The same technique is used with a d4 to make d5 rolls, with a d8 to make d9 rolls, and with a d10 to make d11 rolls. However, in each of those cases the previous trick is easier and takes fewer rolls on average. But this technique is viable for using a d12 to make d13 rolls, and similarly for certain higher numbers.
Emulating Two Dice With One
This is a solution to a problem that does not really exist.
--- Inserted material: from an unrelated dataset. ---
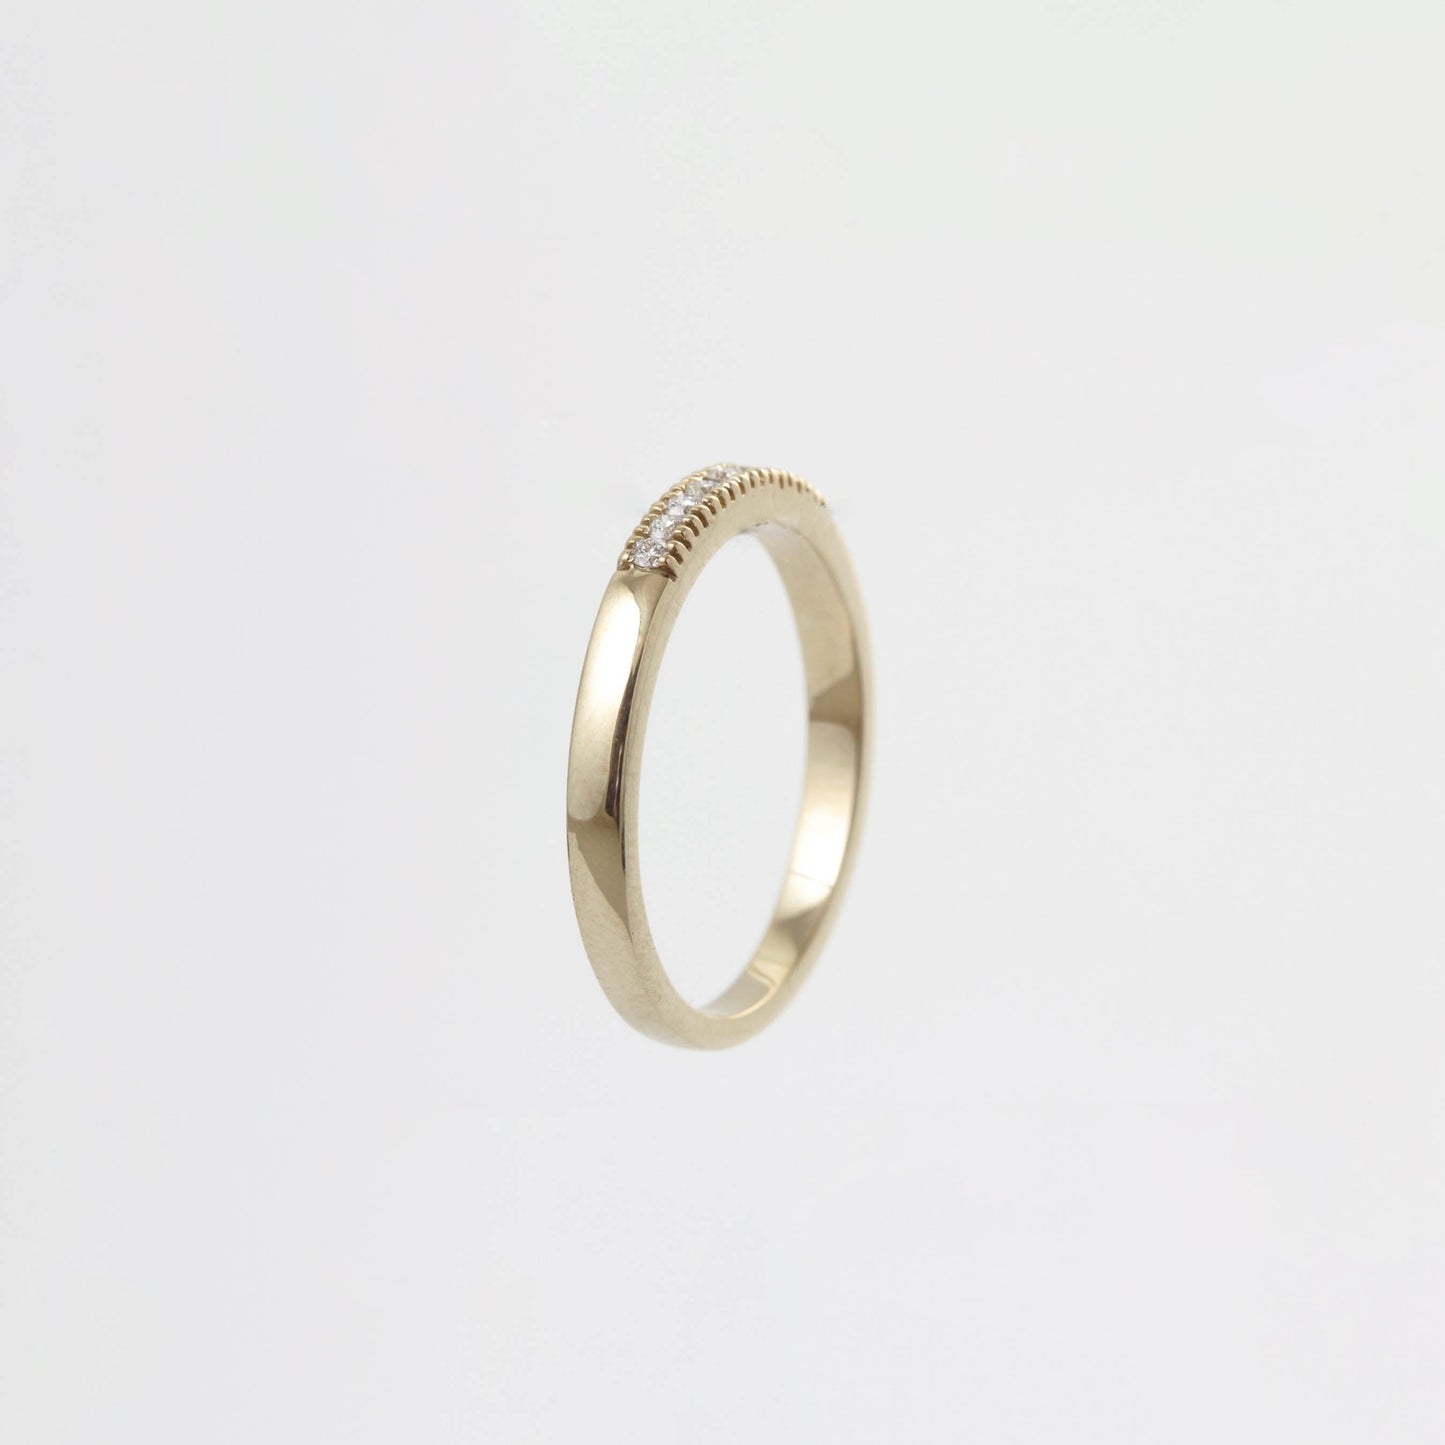 The Damayanti Gold and Diamond Ring by Rasvihar
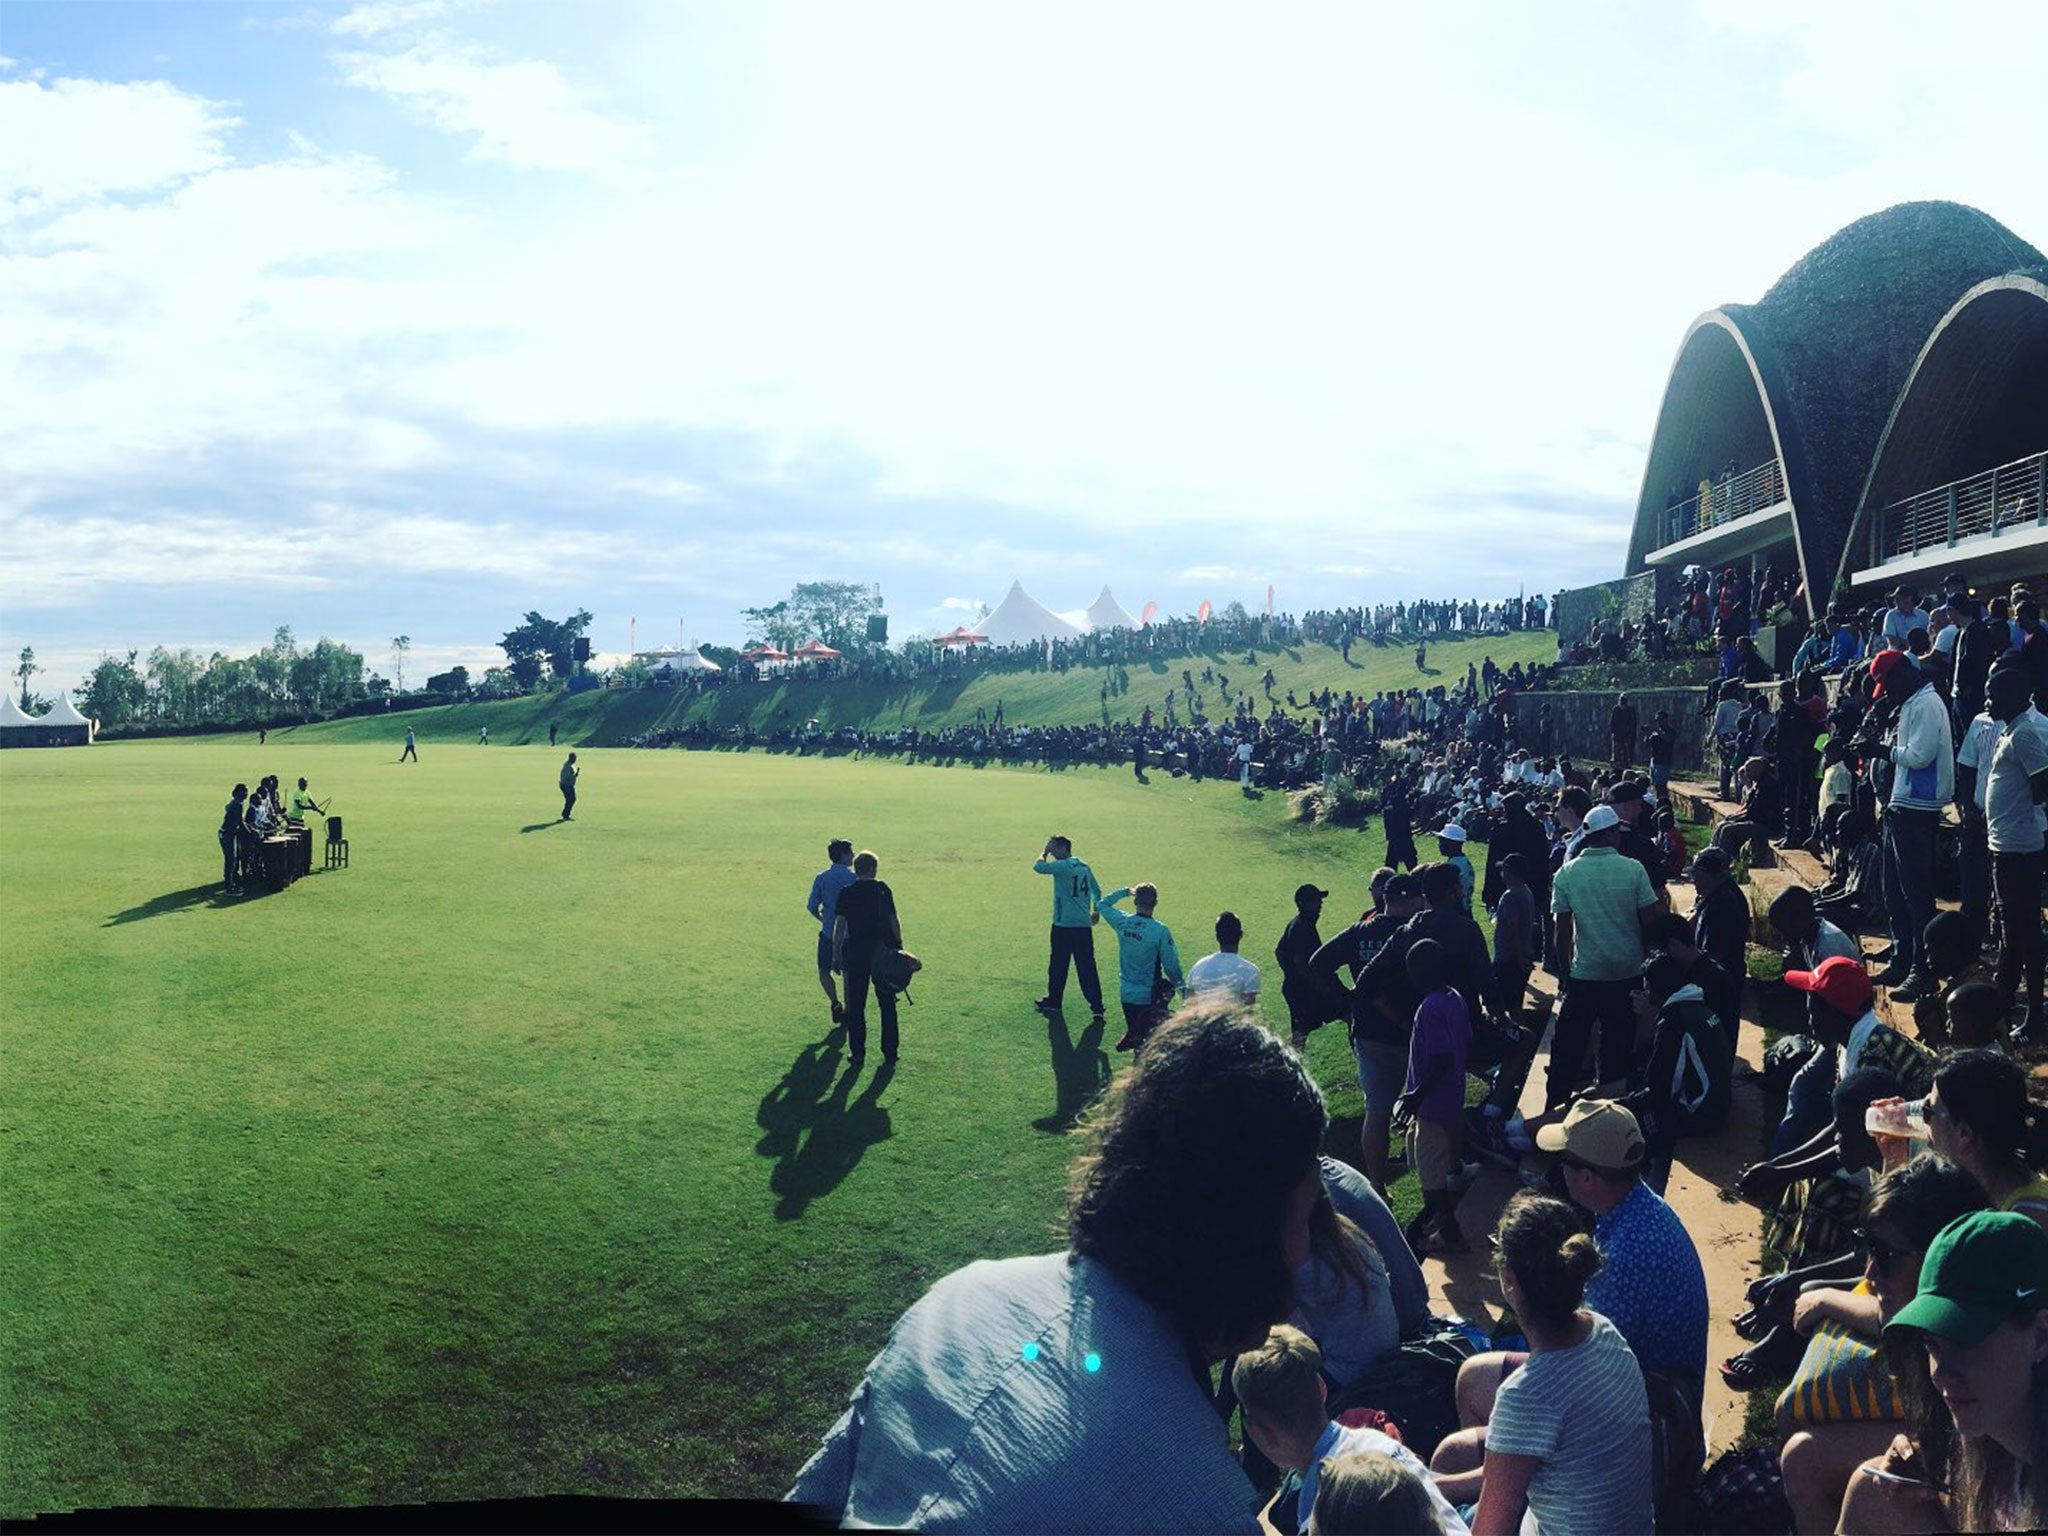 The Gahanga cricket ground on its day of inauguration

If you rolled two N-sided dice but were supposed to roll one, can you (fairly) use the outcome of the two dice to pick a number from 1 to N? Yes! Just add the two together, and if the answer is greater than N, subtract N.
Emulating Two d6 With Three d6
A problem that is even less likely to exist in real life: If you have three indistinguishable d6 dice trapped inside a box, so that you can cannot roll them individually but must roll all at once, can you use this to fairly generate dice-rolls of a single d6, or of 2d6? Again, the answer is yes, and I wrote a separate article about it.